When Government Shrugs: Lessons of Katrina

When Government Shrugs: Lessons of Katrina: "Public policies designed to serve the narrow interests of business and the affluent are the ultimate cause of New Orleans' devastation.

A year has passed since Hurricane Katrina turned New Orleans into the closest thing this country has seen to Pompeii. Although FEMA trailers dot more of the landscape than they did a few months ago, as homeowners have begun to dribble back, at least 60 percent of the city seems unoccupied. It will never be the same. Most of the markers of familiar life, the daily round, swept away, never to return. The beautiful Louis Armstrong song "Do You Know What It Means to Miss New Orleans?" used to give me a little rush of wistful, sweet nostalgia. Now it makes me sob.

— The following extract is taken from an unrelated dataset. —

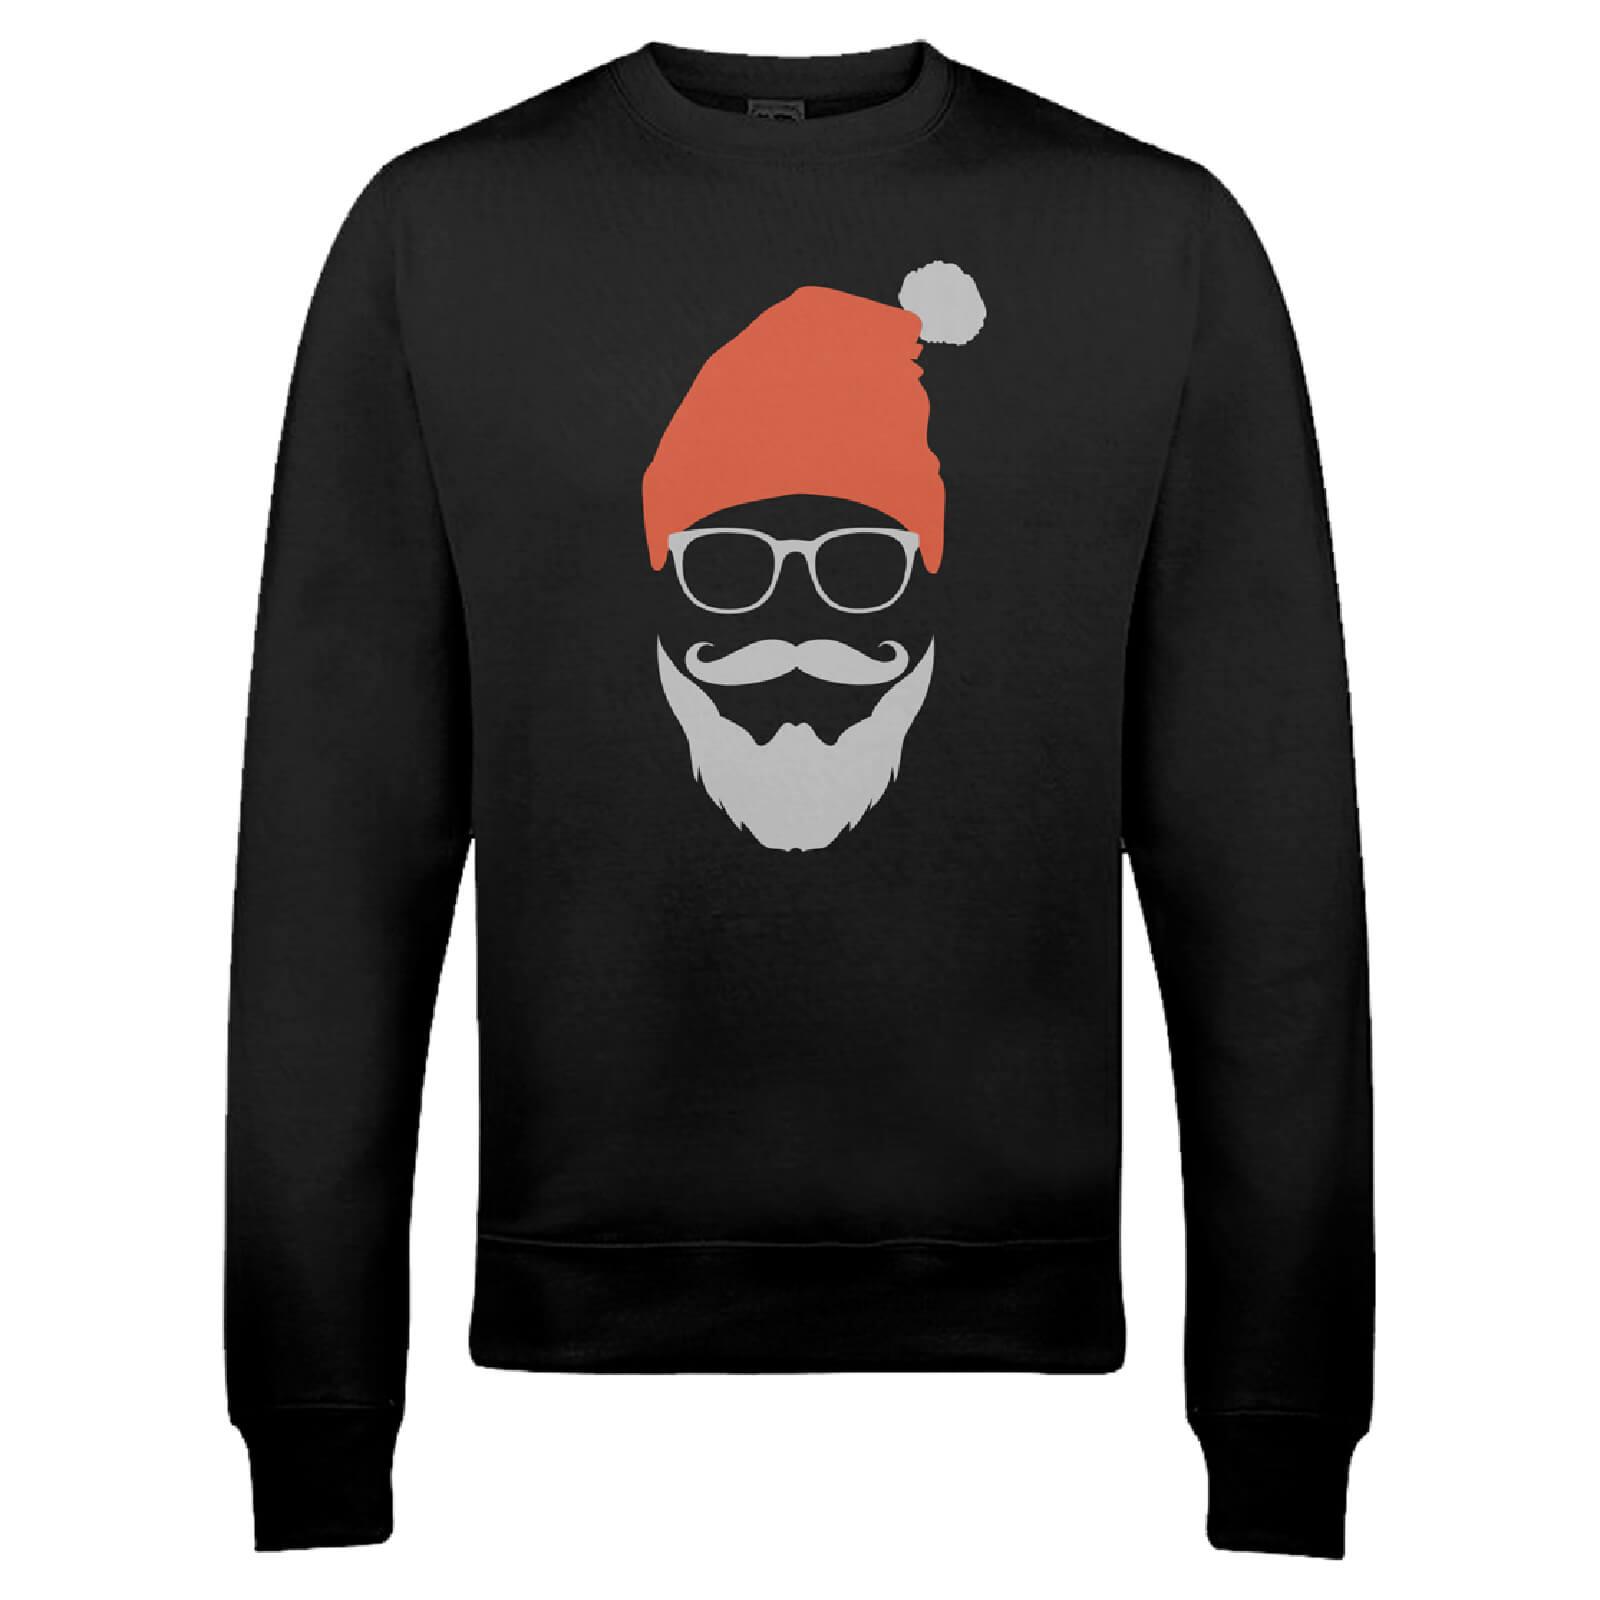 Über 180 Weihnachtspullis für je 17,99€ inkl. Versand bei Zavvi - zB Straight Outta Lapland oder Cool Santa

Most of my family lives in New Orleans. Nearly all of them were or remain displaced. My mother's Holly-grove neighborhood sat in four feet of water for nearly a month after the 17th Street Canal ruptured. She left home the day before the storm hit and couldn't move back until New Year's Day. Some family members were more fortunate, some less. Most of them lived in the Gentilly area, which was largely devastated by the breach of the London Avenue Canal. My aunt and uncle's house, only a few blocks from the breach, was inundated, as was that of a cousin who lived near them. She had to be rescued from a rooftop. Even some relatives whose houses weren't flooded remain displaced, as children had no schools and most of the city went without electricity and other services."